My father is 96. A month ago, he shuffled around the house, up and down the stairs, quite well by himself. Then, as he puts it, “I fell on my arse!” Oops! Compression fracture of the spine. Treatment: pain killers and bed rest. But, if he is ever to walk again, he must get up regularly, and spend two or three hours a day sitting in a chair. The doc prescribes hydrocodone–acetaminophen (Tylenol) with a touch of codeine. That doesn’t begin to control the pain if he sits or stands. “At my age,” says my father, “I don’t need to suffer.” So he lies there on his back, reading or playing games on his laptop.

Over three thousand years ago traders in the ancient Near East shipped opium packed in little jugs shaped like poppy capsules, with painted diagonal stripes to represent the slashes for collecting the resin. Opiates, including derivatives like codeine, morphine, heroin, methadone and oxycodone, are still the safest and most effective pain-killers known. People can use them for life with no more serious side effects than constipation. Yes, an overdose can kill you. But guess what? Two or three times the maximum daily dose of acetaminophen in hydrocodone can fatally damage your liver. And yes, opiates are addictive–for some people. So is alcohol–for some people.

The United States controls “drugs of abuse” with a ferocity rare in other western nations. The policy started with the 1914 Harrison Act, directed at Chinese opium-smokers. But the drug war as we know it began under Richard Nixon, and metastasized under Ronald Reagan. It’s what sociologists like to call a “moral panic”–a fear that undesirable groups somewhere are engaging in immoral behavior, and–BOO!–they might corrupt your children. For Nixon it was blacks, hippies and war protesters. For Reagan it was welfare queens and crack addicts.

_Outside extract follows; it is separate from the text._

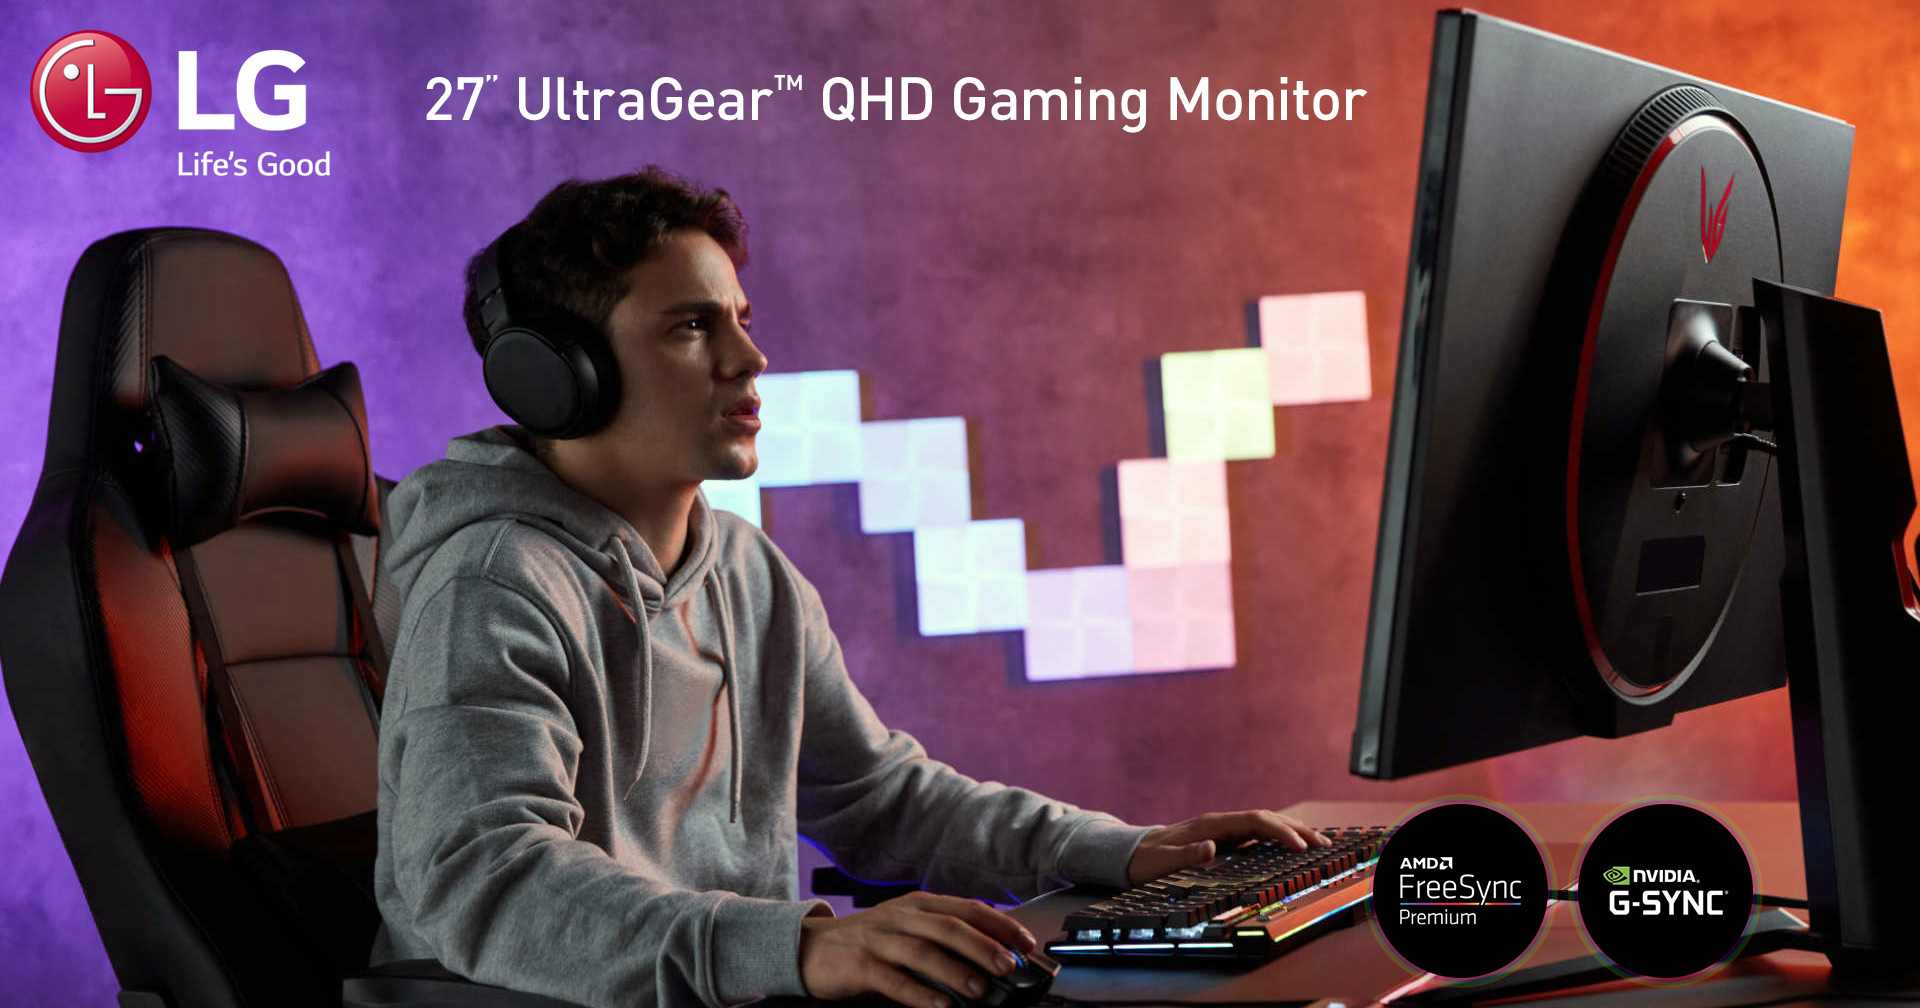 LG 27GR75Q-B 27-Inch UltraGear QHD Gaming Monitor

Some moral panics die out, like the one about gambling. Remember Guys and Dolls? That was before states hit the lottery jackpot. But the drug war fills too many political needs. Because drug possession or sale is a victimless crime, it permits selective prosecution. Even though whites and blacks use illegal drugs at about the same rates, blacks are arrested, prosecuted and jailed at many times the rate of whites. Southern states don’t allow ex-felons to vote. As a result, in 2000, disenfranchisement of blacks in Florida gave the presidency to George W. Bush. Now the drug war has come back to bite him in Afghanistan, where black market opium funds the resurgent Taliban and Al Qaeda.

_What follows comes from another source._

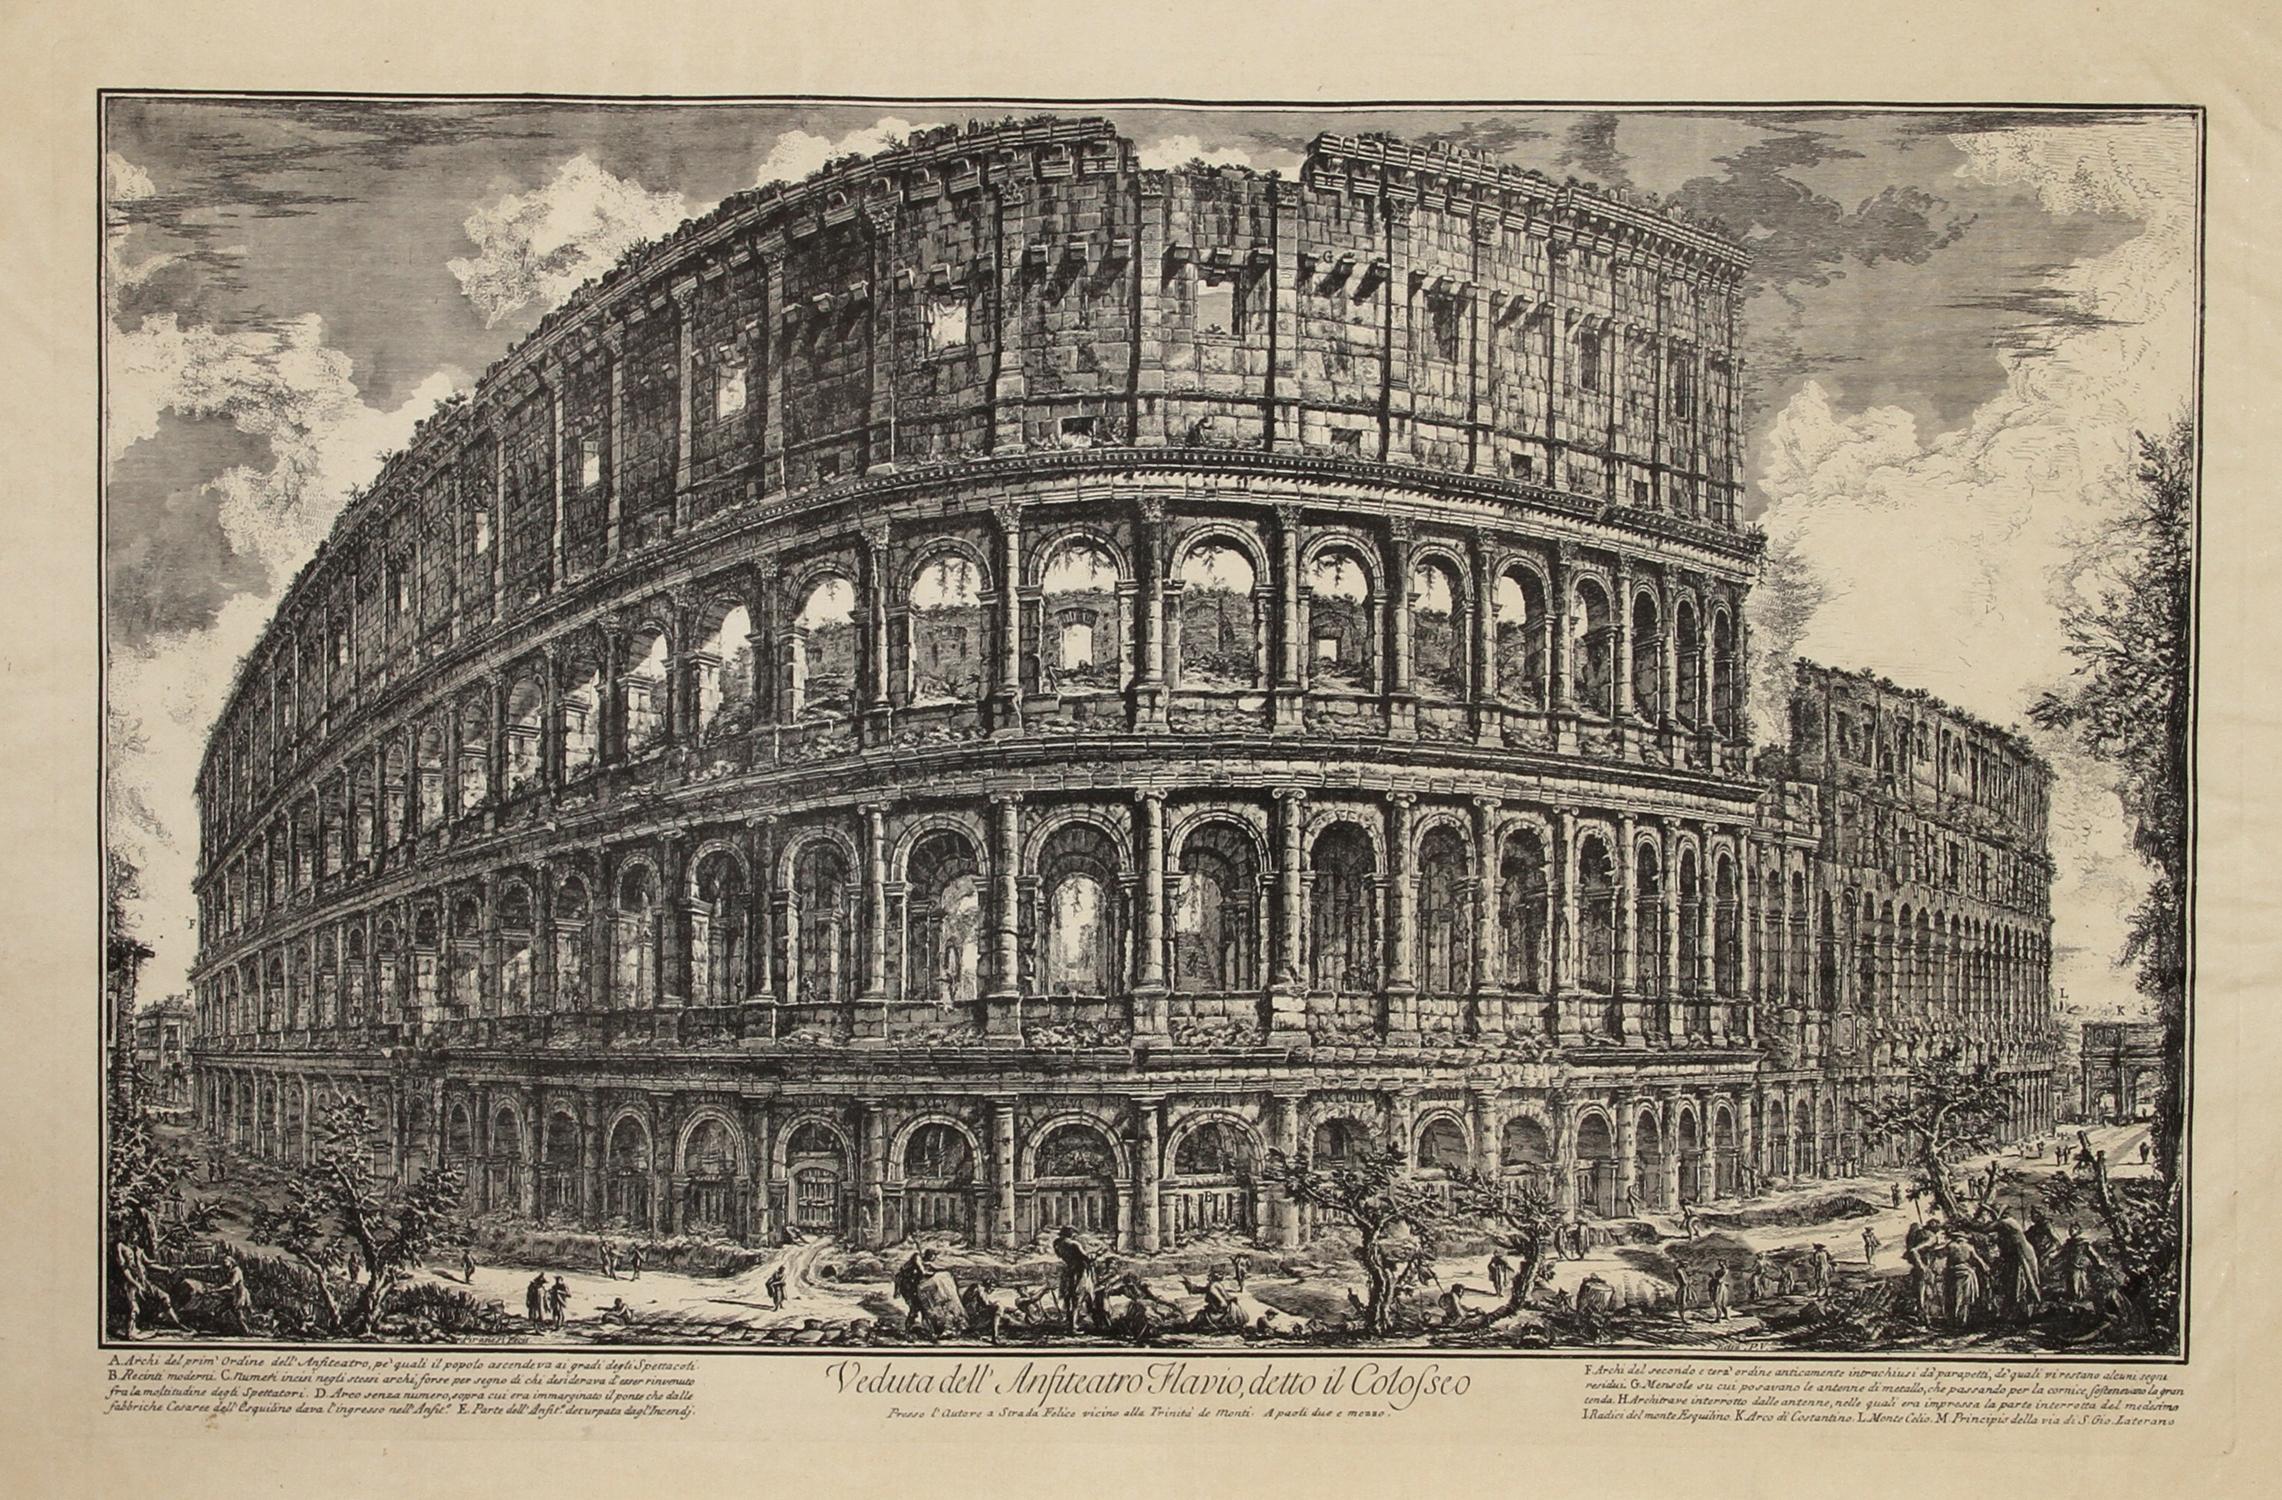 Giovanni Battista Piranesi Landscape Print - The Colosseum from Piranesi's Vedute di Roma

At home, the Drug Enforcement Administration keeps doctors under surveillance lest they over-prescribe strong opiates (Percocet, OxyContin) or worse, prescribe them to addicts. Pain specialists have been prosecuted, lost their licenses and even been imprisoned for careless prescribing. Doctors run scared. So if you have an elderly patient with a fracture–well, not a priority for pain treatment. (Yet all the DEA’s watchfulness didn’t stop Rush Limbaugh from filling multiple phony prescriptions.)

My father has set himself up with everything in reach of his hospital bed–laptop, printer, telephone, files–an office on wheels. Time to go now. He’s ready for his favorite diversion: clobbering me and my sister at internet Scrabble!